Keras has a low-level compatibility library[1] (`from keras import backend as K`) that people have reported as useful independently.
The interface offered by K[2] seems quite similar to that of TensorFuse[3]
As the K backend is used for Keras, it also offers proof that K can be used for sizable and complex projects, plus can take advantage of pre-existing testing for Keras.
Whilst I love the idea of CGT, it has not yet taken off.
I'd be far more interested in seeing a Neon[4] backend considering it has the fastest performance across the board on existing hardware and they're planning to release their own hardware soon.
Edit: Incorrectly thought TensorFuse didn't support RNNs, thanks dementrock!

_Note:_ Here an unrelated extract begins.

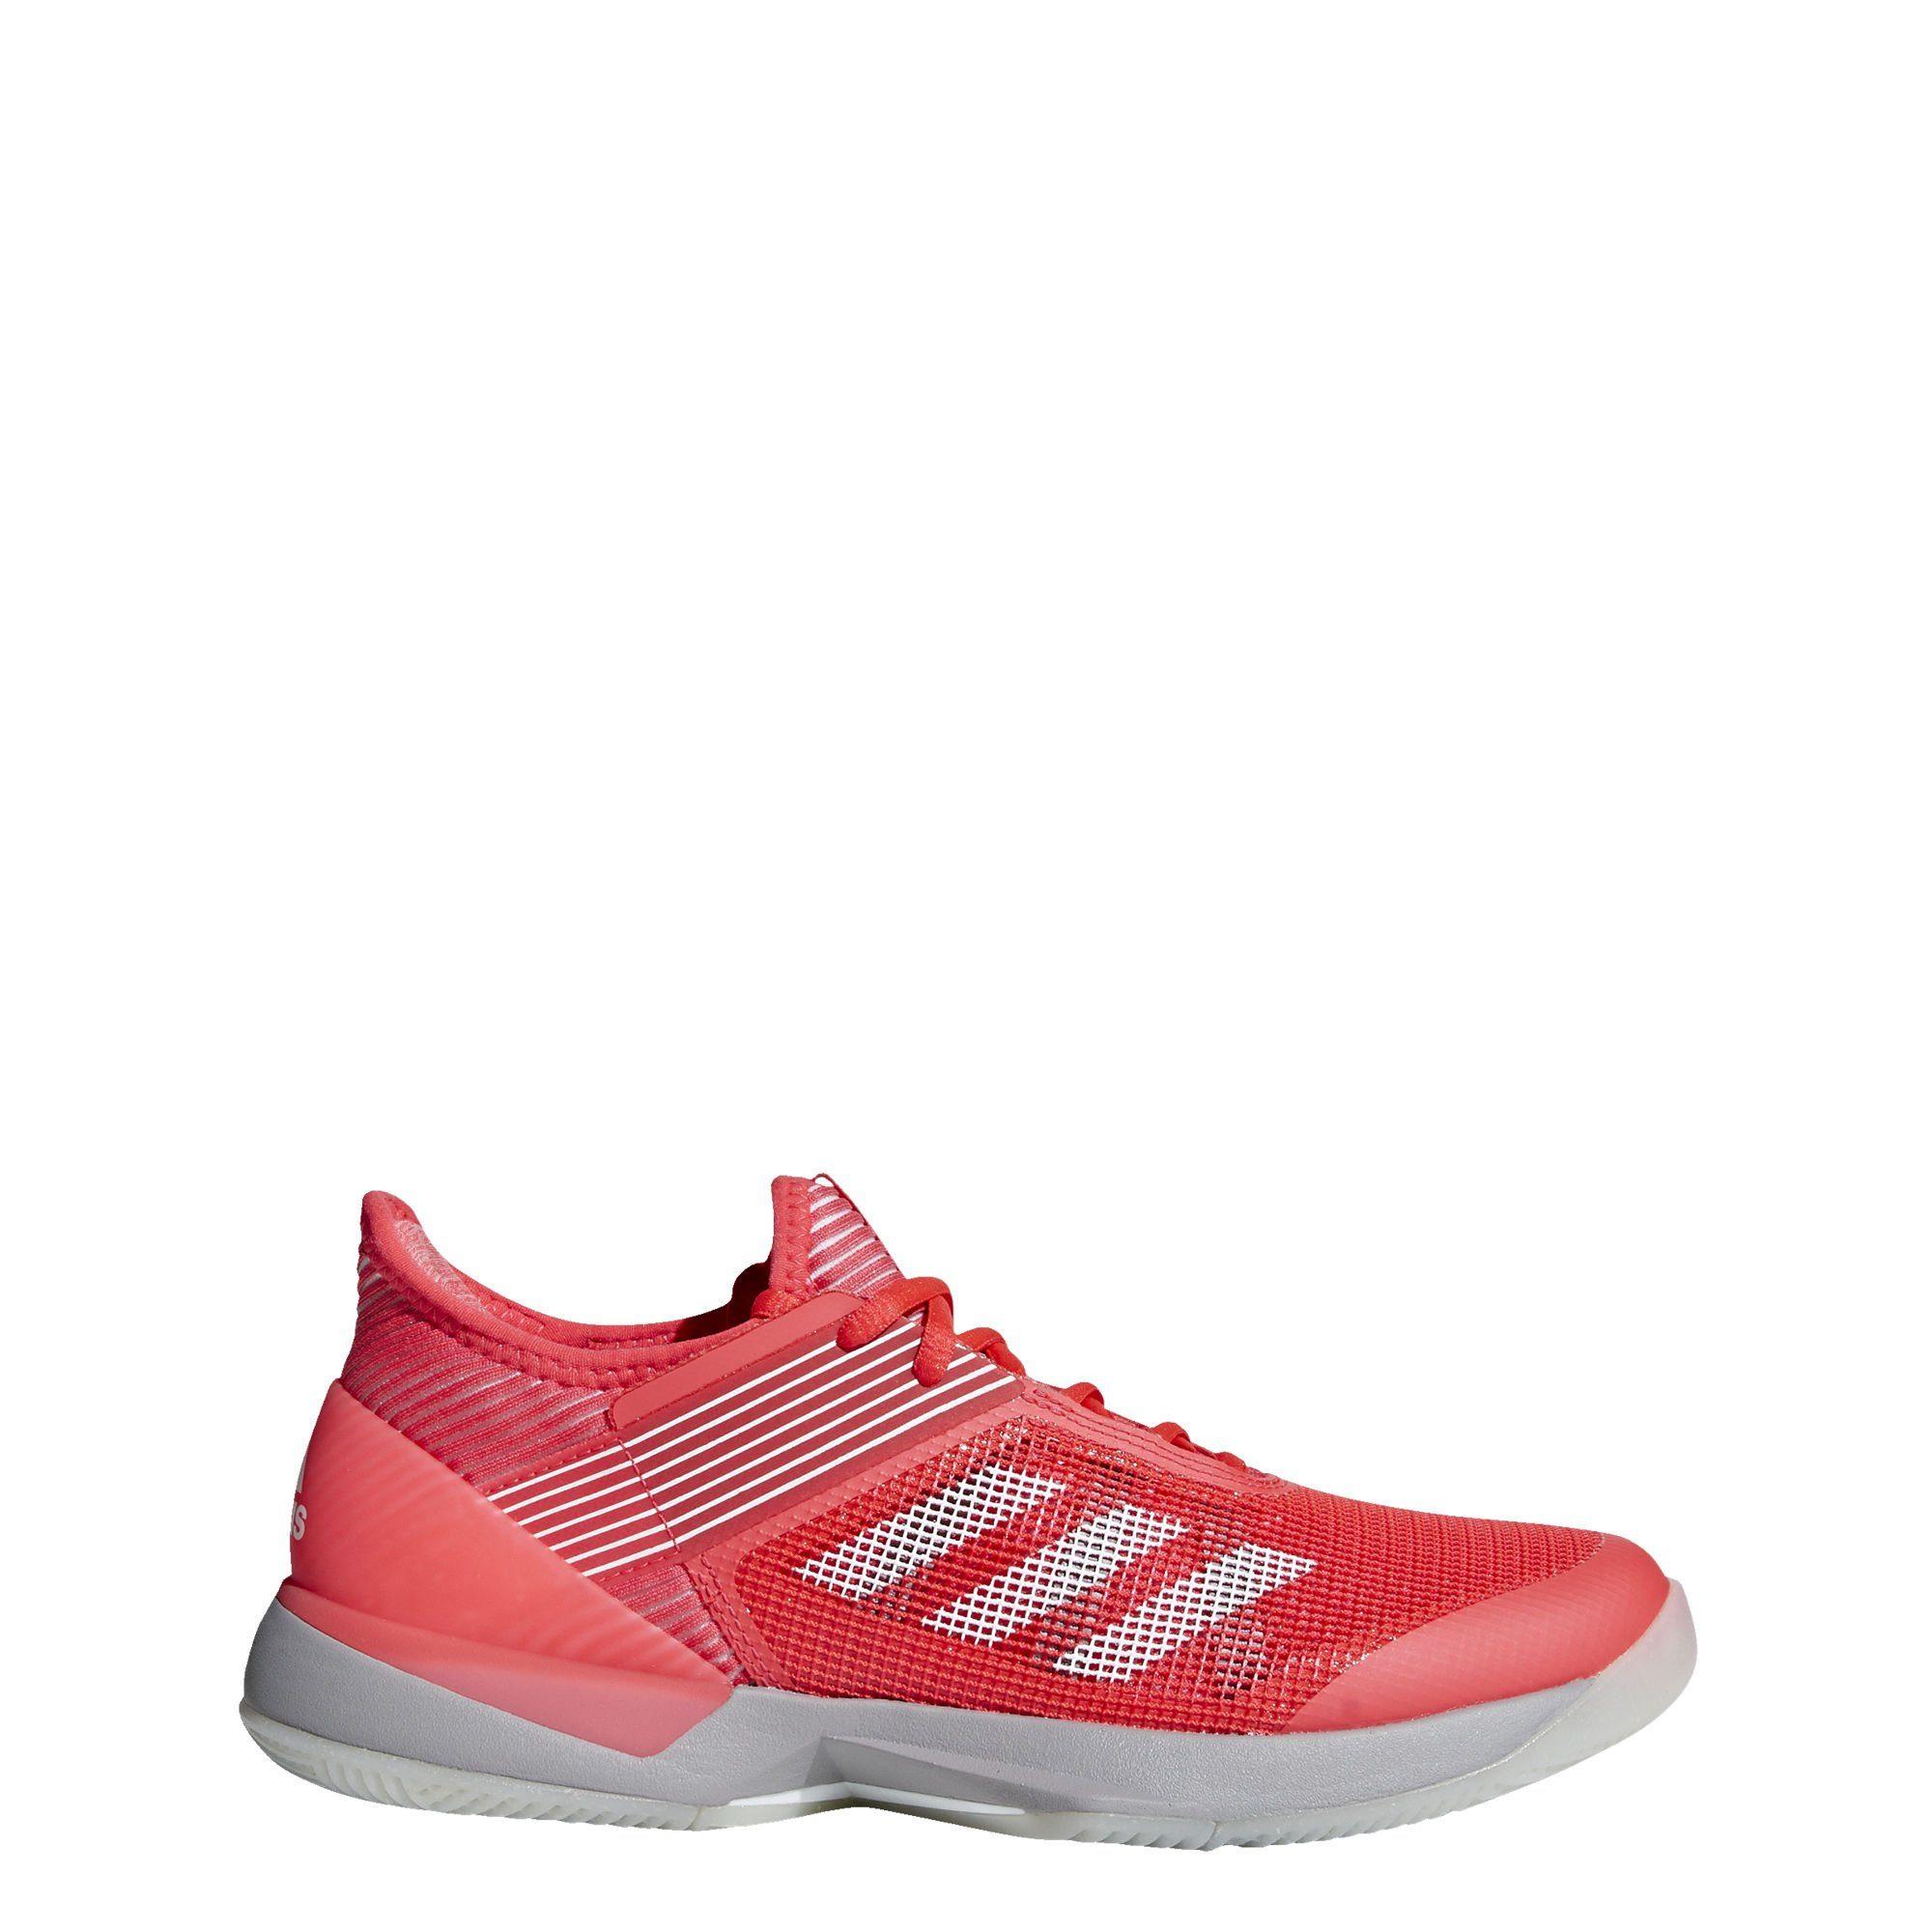 adidas Performance »Adizero Ubersonic 3.0 Schuh« Fitnessschuh adizero online kaufen   OTTO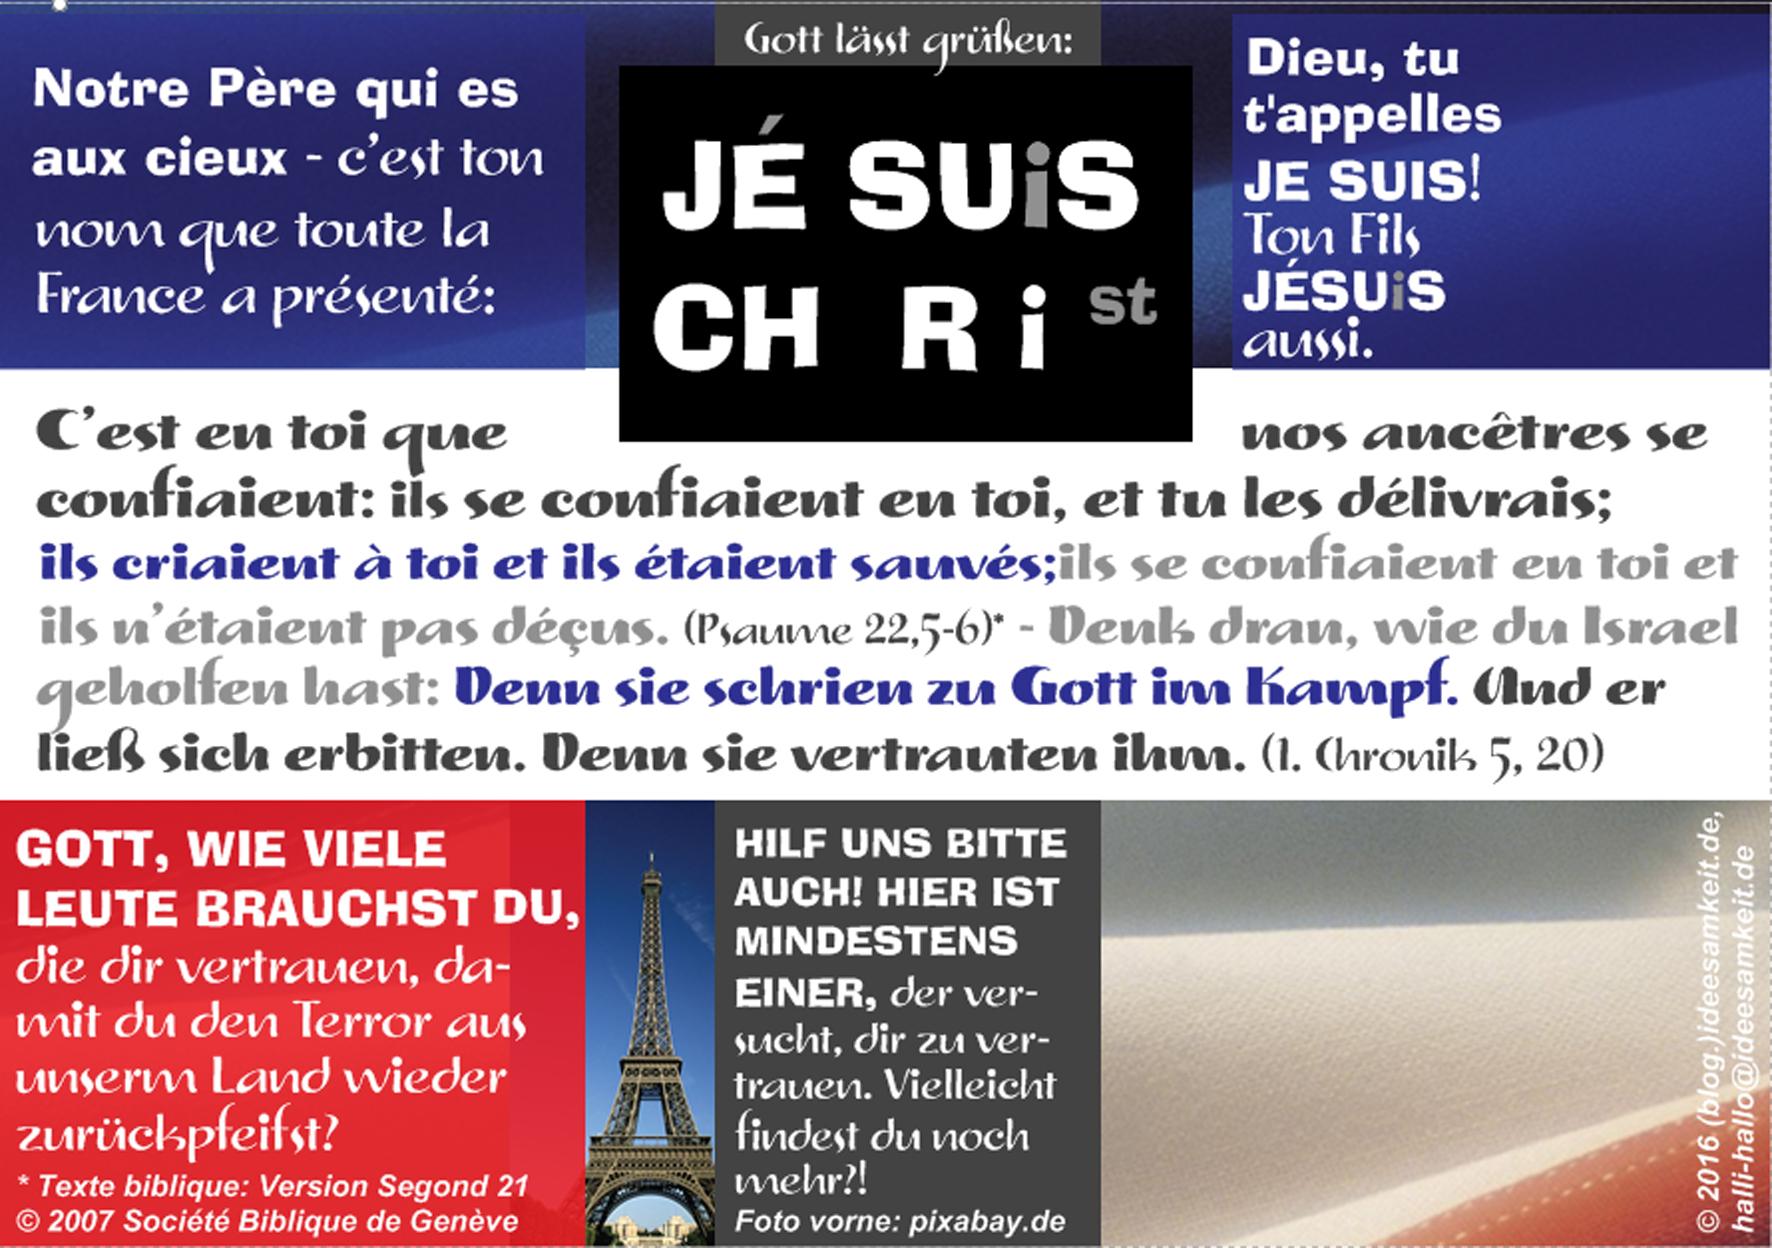 Frankreich-Nizza-pixabay-Alexas-Fotsos-nice-1518487-bea2-rueck-vorsch

Also excited that Lasagne has someone working on being backend independent!
Actually TensorFuse does support RNN by porting a subset of scan to TensorFlow. I've been using it to port Lasagne to support TensorFlow: https://github.com/dementrock/Lasagne-tf. The examples/recurrent.py there actually works.
Whilst I love the idea of CGT, it has not yet taken off. I'd be far more interested in seeing a Neon[4] backend considering it has the fastest performance across the board on existing hardware and they're planning to release their own hardware soon.
[1]: http://keras.io/backend/
[2]: https://github.com/fchollet/keras/blob/master/keras/backend/...
[3]: https://github.com/dementrock/tensorfuse/tree/master/tensorf...
[4]: https://github.com/NervanaSystems/neon
Edit: Incorrectly thought TensorFuse didn't support RNNs, thanks dementrock! Also excited that Lasagne has someone working on being backend independent!